**What you should do**
From the material below, set down exactly the lines that run from the one containing "The reed mat" to the one containing "The Sword Of Glory - Page 2", minus the pictures.

**Data listing**

##############################

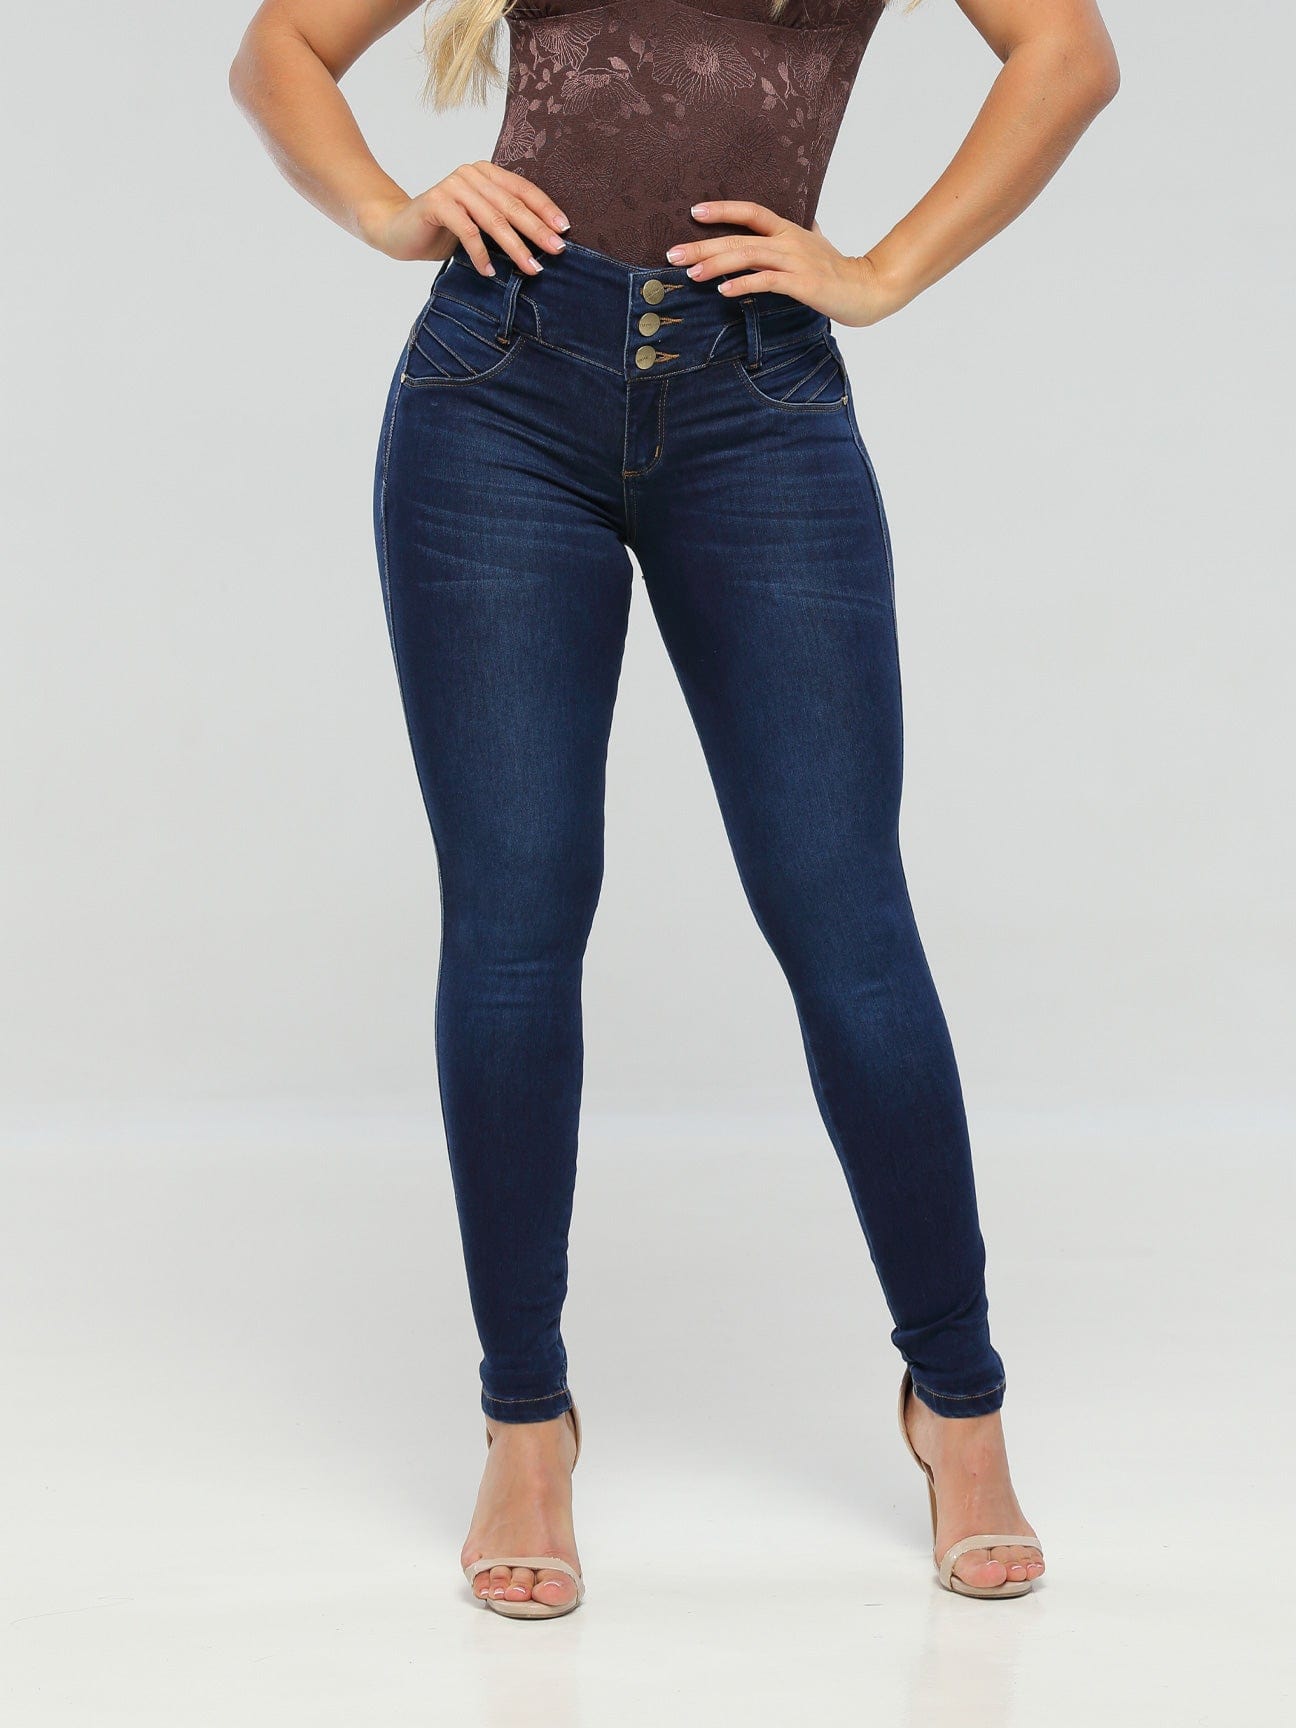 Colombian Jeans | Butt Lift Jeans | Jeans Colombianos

##############################

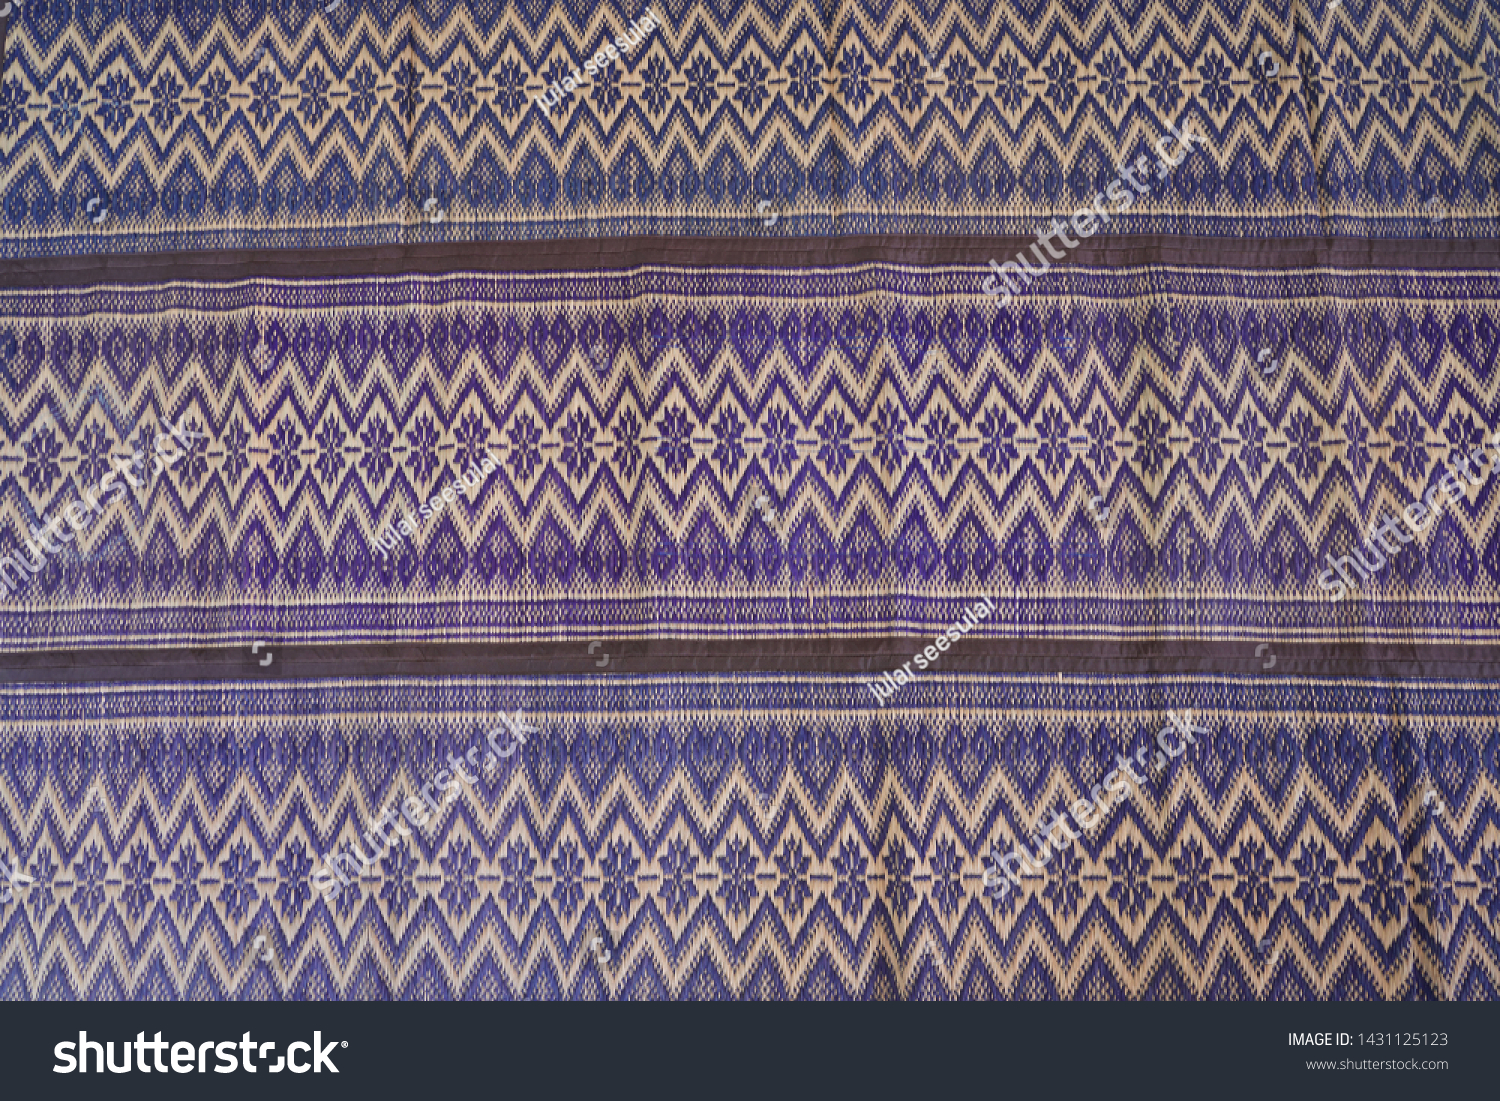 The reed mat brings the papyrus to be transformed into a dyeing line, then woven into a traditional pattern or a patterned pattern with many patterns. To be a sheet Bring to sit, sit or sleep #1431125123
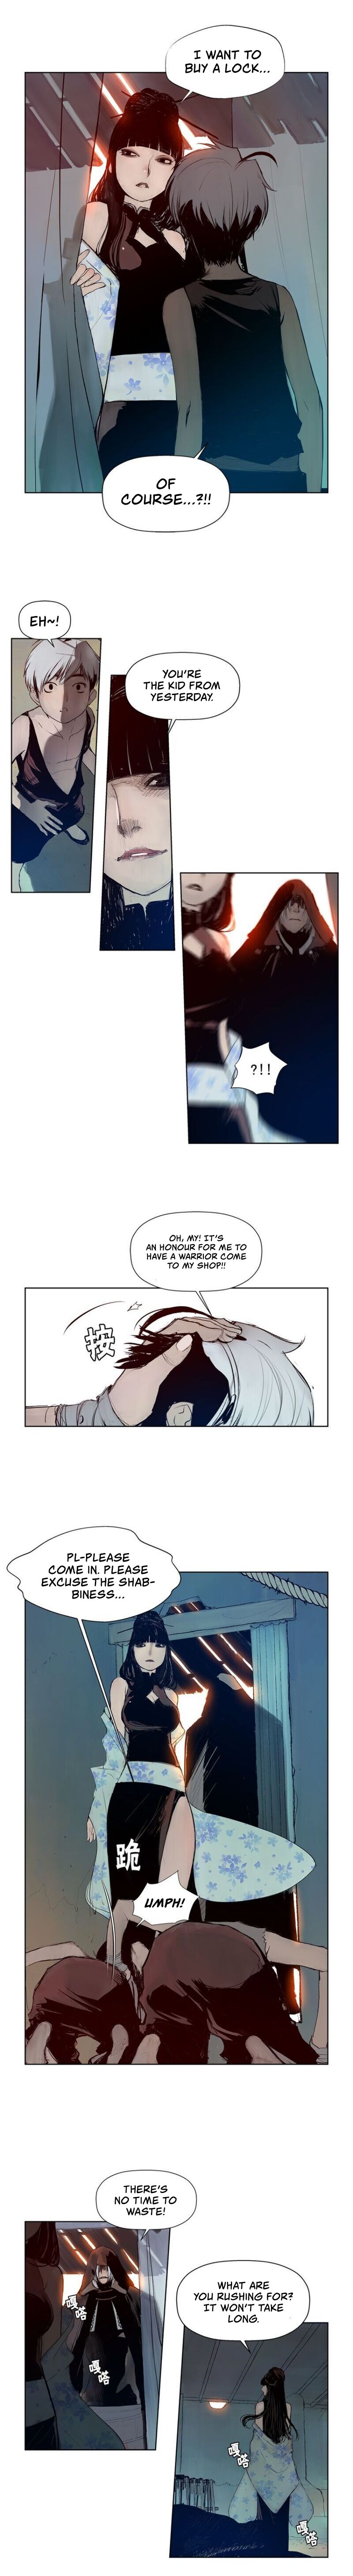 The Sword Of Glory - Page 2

##############################

**Solution to this problem**
 The reed mat brings the papyrus to be transformed into a dyeing line, then woven into a traditional pattern or a patterned pattern with many patterns. To be a sheet Bring to sit, sit or sleep #1431125123
 The Sword Of Glory - Page 2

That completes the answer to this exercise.